NOT FOR PUBLICATION WITHOUT THE APPROVAL OF THE APPELLATE DIVISION This opinion shall not "constitute precedent or be binding upon any court ." Although it is posted on the internet, this opinion is binding only on the parties in the case and its use in other cases is limited. R. 1:36-3.
SUPERIOR COURT OF NEW JERSEY APPELLATE DIVISION DOCKET NO. A-3179-22
JEFFREY ALVAREZ,
Plaintiff-Appellant,
v.
TOYOTA OF HACKENSACK and MIRIAM SHANKEN,
Defendants-Respondents. ______________________________
Submitted September 24, 2024 – Decided October 7, 2024
Before Judges Smith and Chase.
On appeal from the Superior Court of New Jersey, Law Division, Bergen County, Docket No. L-1918-20.
Lueddeke Law Firm, attorneys for appellant (Karri Lueddeke, on the brief).
Respondents have not filed a brief.
PER CURIAM Plaintiff appeals from the trial court's orders of April 5, 2023 and May 26,
2023, vacating an arbitration award, and then denying reconsideration. We
reverse and remand for the trial court to confirm the award.
I.
Plaintiff Jeffrey Alvarez purchased a used car from co-defendant Toyota
of Hackensack. The June 29, 2019 purchase contract included an arbitration
clause. In pertinent part, the clause stated, "either you or we may choose to have
any dispute between us decided by arbitration and not in court or by jury trial."
The clause also stated, "[y]ou may choose the American Arbitration Association
. . . . You may get a copy of the rules of an arbitration association by contacting
the organization or visiting its website."
Shortly after his purchase, plaintiff contacted co-defendant Miriam
Shanken, a Toyota of Hackensack employee, seeking a summary of the
maintenance performed on the car by the dealer prior to selling it to him.

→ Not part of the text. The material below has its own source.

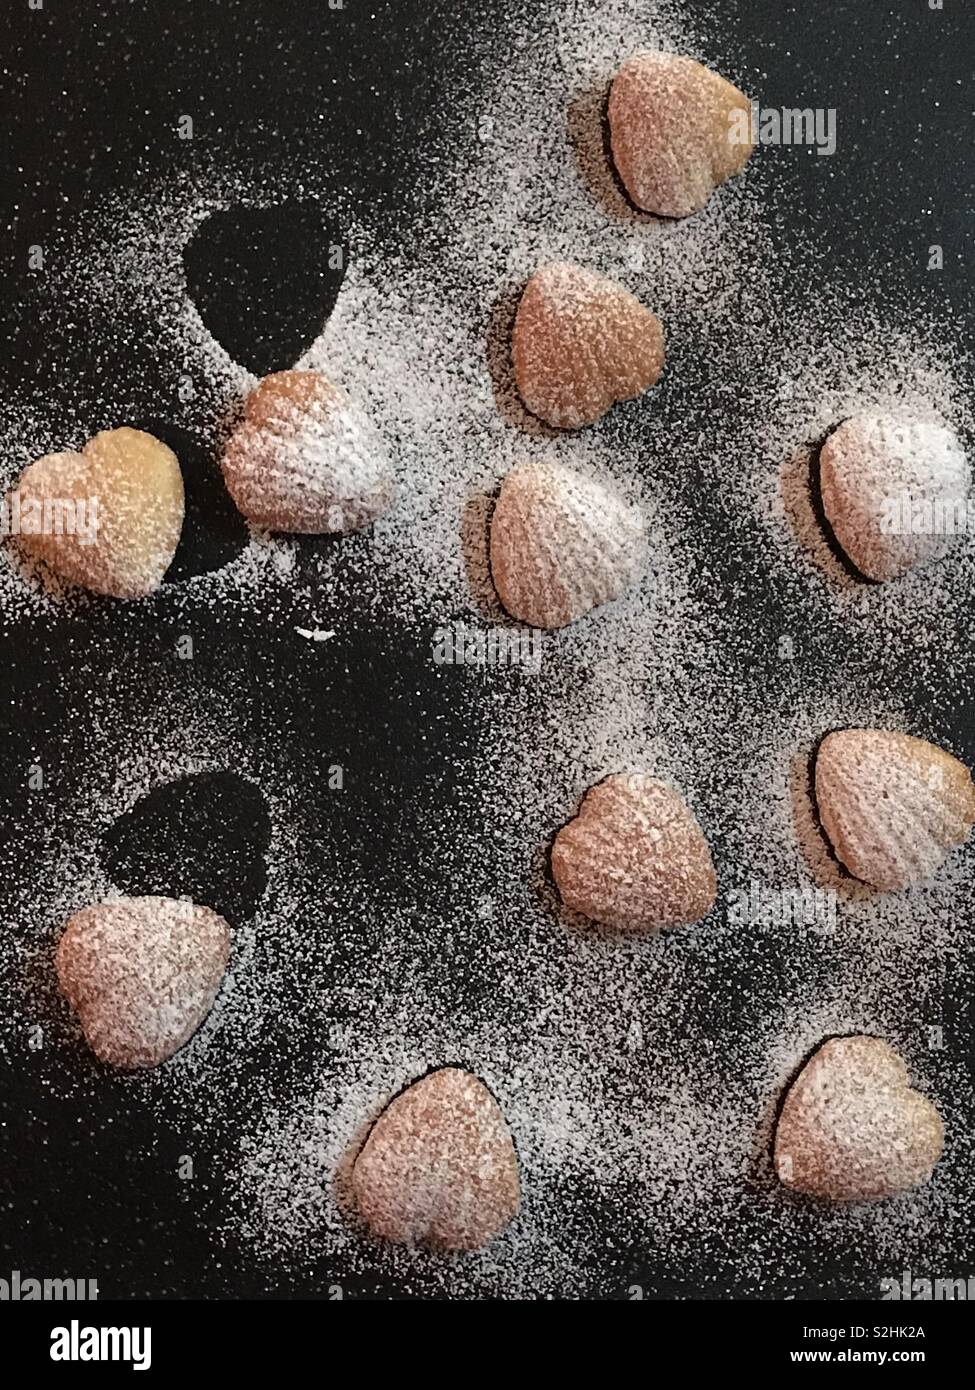 Heart shaped madeleines dusted with powdered sugar Stock Photo

Shanken responded via text message, stating, "We did an oil change while it was
here . . . ." Shortly after this exchange, plaintiff's car suffered engine failure and
broke down. Plaintiff took the car to a different dealership and learned that the
cause of the engine failure was a defective oil filter and gasket. Plaintiff further
learned that repairs were estimated to cost $9,185.72. When plaintiff contacted
A-3179-22 2 Toyota of Hackensack about the damage, they told him they had not performed
a pre-sale oil change or inspection, a statement which conflicted with what
Miriam Shanken had previously told him.
Plaintiff sued defendants in Superior Court on March 19, 2020, alleging
violations of the Consumer Fraud Act, N.J.S.A. 56:8-1 to -20, breach of contract,
and negligence. After a protracted delay caused in part by defendant's failure to
pay the American Arbitration Association (AAA) fee, the trial court eventually
dismissed the complaint and ordered the parties to arbitration on January 8,
2021.
The AAA appointed Felicia Farber, Esq. as arbitrator. The parties
participated in preliminary hearings in April 2021, October 2021, and January
2022. Arbitration was scheduled first for January, then May 2022, but each date
was adjourned at request of defense counsel. Farber eventually recused herself
as arbitrator, and the AAA appointed Angela Foster, Esq. in her stead.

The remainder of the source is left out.